At first, the idea of a film based on a pile of colorful toy bricks as its narrative 
 launching point seemed patently absurd. Had Hollywood's desperate need to find product tie-ins for every and any toy gone completely bonkers? What's next? A big-screen adaptation of Lincoln Logs? A Slinky action adventure? If Battleship, Transformers and G.I. Joe were any indication, The Lego Movie would prove to be yet another culturally bankrupt attempt to capitalize on corporate synergies.

Then, adding insult, there was the letter instructing members of the press to include the requisite trademark symbol with all mentions of Lego — including the movie's title. Attention Warner Bros. Marketing Division: I am a film critic, not a brand ambassador …

… Or so I thought.

Turns out, I'm going to unwillingly be both. Because integrity be damned, The Lego Movie is not only highly entertaining, it's downright subversive. Writers and directors Chris Miller and Phillip Lord (Cloudy with a Chance of Meatballs, 21 Jump Street) bring a smarty-pants wit to a kid's movie that's both meticulous and ridiculous. The mishmash visual design is an audacious riot of color, punctuated by glitch-prone character animation and fantastically tactile landscapes. The plot is a brazen hijacking of The Matrix films, throwing in sight gags, satirical commentary, frenzied action sequences and hilarious pop culture deflations. The best is Will Arnett's ineptly chauvinistic Batman and a frenemy-like relationship between The Green Lantern (voiced by Jonah Hill) and Superman (Channing Tatum).

But what really makes Miller and Lord's giddy, riotous film stand out is its unrepentant critique of social conformity. The movie's villains include trigger-happy cops, a corporate oligarch as president, rampant government surveillance and an oppressive system of compliance and mindless acceptance. The film's show-stopping pop tune, "Everything Is Awesome," is as catchy as it is frightening, a radio-friendly bubblegum melody extolling the virtues of droning pack-mentality consensus.

Emmett Brickowoski (Chris Pratt), a low-level construction worker, is exactly the kind of lemming this system relies on.

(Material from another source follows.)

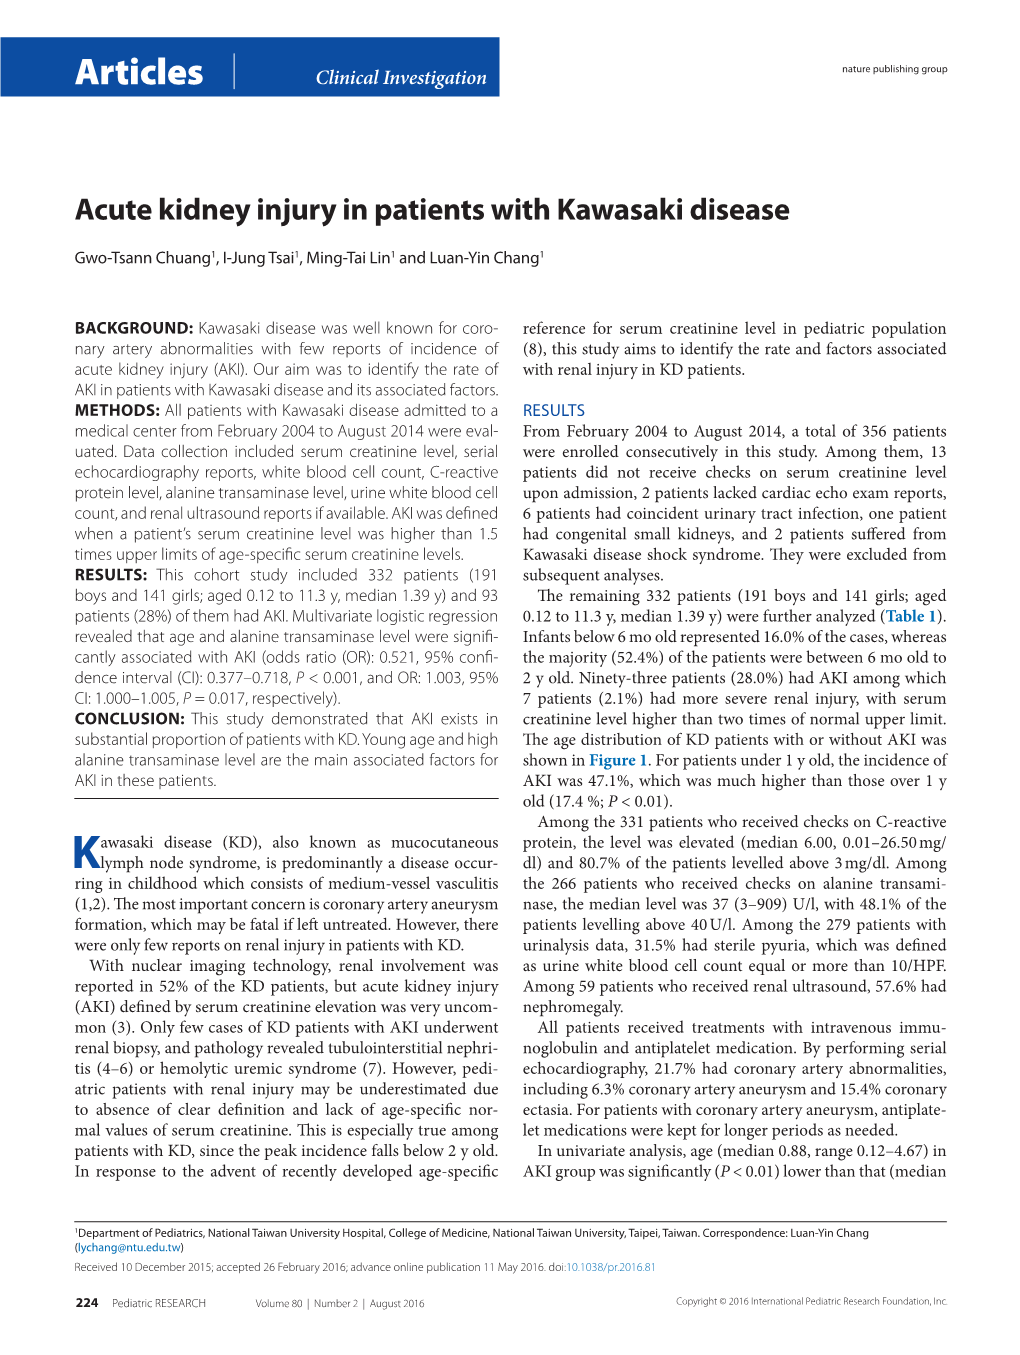 Acute Kidney Injury in Patients with Kawasaki Disease

Having enthusiastically drunk society's Kool-Aid, Emmett never deviates from Lego World's step-by-step instruction manual. He loves "Everything Is Awesome" (which plays all day long on the radio), happily and unquestioningly pays $37 for a cup of coffee — like a good consumer should do — and idolizes President Business (Will Ferrell), a quasi-religious corporate leader who cannot stand disorder. Emmett's job is to knock down chaotically imaginative buildings and replace them with featureless towers.

Late one night at the construction site, Emmett runs into the black-clad Wyldstyle (Elizabeth Banks), who's combing the wreckage for the storied Piece de Resistance, which will stop President Business from using the Kragle to glue down every Lego in its proper place. Unfortunately, Emmett ends up with the artifact stuck to his back, unexpectedly making him "The Special." Before you can say "Neo rip-off," the two are meeting up with the rebellion's leader, the wizard Vitruvius (Morgan Freeman), and fleeing from the Mr. Smith-like Good Cop/Bad Cop (Liam Neeson).

President Business oozes anti-1 percent nastiness, and Miller and Lord's timely allegories are craftily hidden in a busy, gag-heavy tale that doesn't make a lick of sense but moves along so speedily you'll hardly notice. Occasionally, The Lego Movie's relentlessly frenetic pace crosses into ADHD territory, forgetting to give its characters much in the way of nuance (like, say, Toy Story). Lego World is also noticeably lacking in diversity — even though the movie does land a genuinely funny Star Wars joke, a cameo appearance by Lando Calrissian doesn't count.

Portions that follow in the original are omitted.